The Habitable Worlds Observatory (HWO) will be uniquely positioned to conduct a statistical and physical census of terrestrial exoplanets spanning the Venus Zone (VZ) and the Habitable Zone (HZ), enabling the detection and atmospheric characterization of post-runaway greenhouse worlds (“exoVenuses”).
We present an updated list of VZ exoplanets, which raises the number of known candidates to 370. We describe a science case and an observing strategy for VZ exoplanets that integrates precursor exoplanet detection data and stellar characterization with HWO direct imaging, spectroscopy across the UV/optical/IR, and spectropolarimetry.
Our proposed framework emphasizes a pathway toward the diagnosis of sulfur chemistry (SO2) and aerosol physics (H2SO4 clouds/hazes), planetary redox states (O2/O3 false positives from hydrogen loss), and cloud microphysics detection (rainbow polarization).
We quantify implications for HWO requirements, including UV access to 0.2–0.4 μm, optical/NIR coverage to ≳1.5 μm, inner working angle (IWA) reaching 0.3–1.5 AU around nearby Sun-like stars, and the SNR/resolution needed for key features. Finally, we outline a community-driven path to producing robust demographic inferences and target selection for optimizing HWO observations.

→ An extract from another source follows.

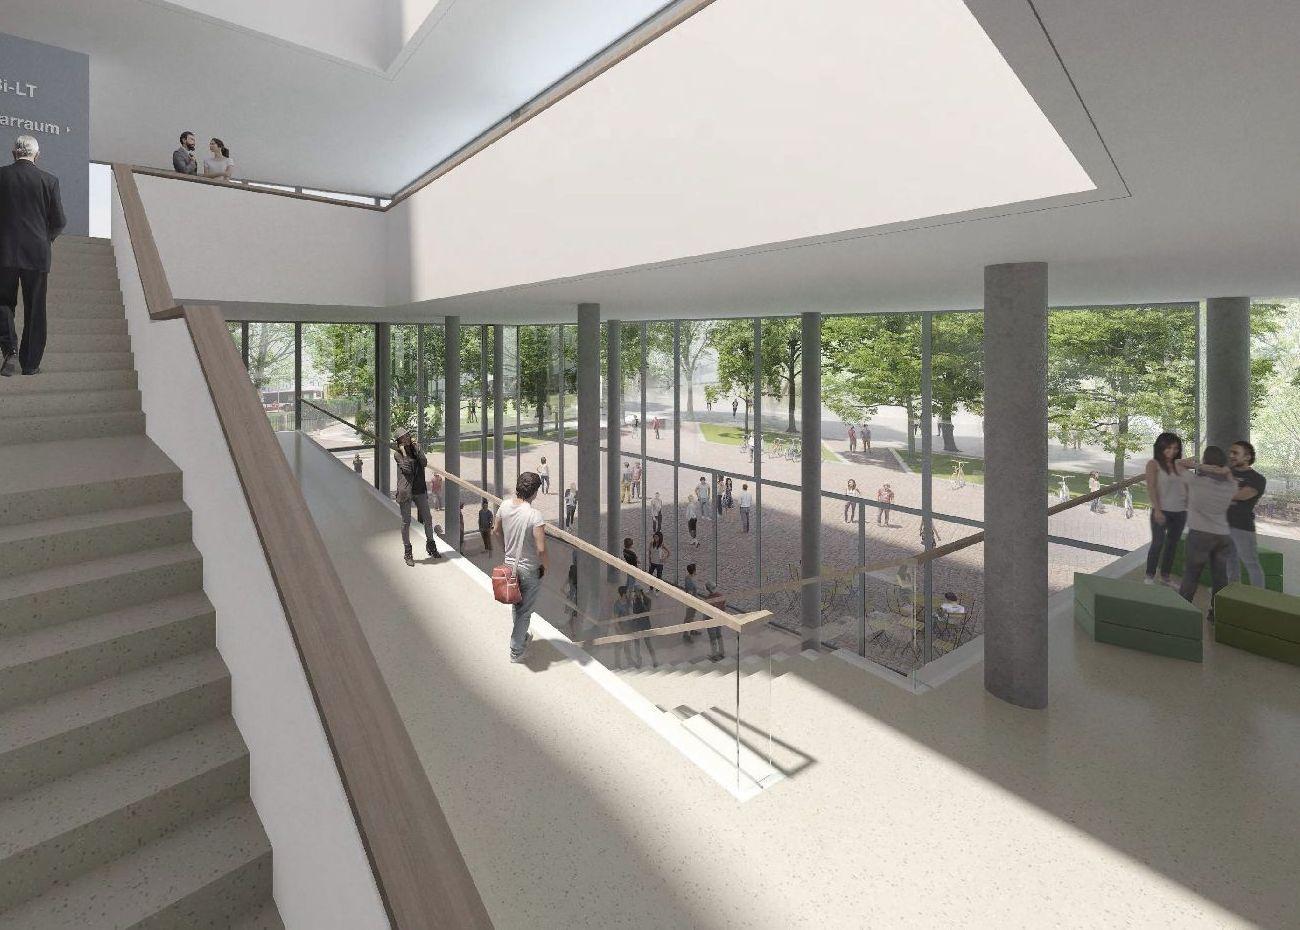 Architektenwettbewerb Beuth Hochschule Neubau Laborgebäude Berlin

Stephen R. Kane, Kimberly M. Bott, Kenneth E. Goodis Gordon, Emma L. Miles, Colby M. Ostberg, Paul K. Byrne, Ludmila Carone, Tansu Daylan, Antonio Garcia Munoz, Caleb K. Harada, Renyu Hu, Noam. R. Izenberg, Erika Kohler, Malena Rice, Sabina Sagynbayeva, Manuel Scherf, Edward W. Schwieterman, Peter Woitke
Comments: 15 pages, 5 figures, 2 tables, accepted for publication in PASP
Subjects: Earth and Planetary Astrophysics (astro-ph.EP); Instrumentation and Methods for Astrophysics (astro-ph.IM)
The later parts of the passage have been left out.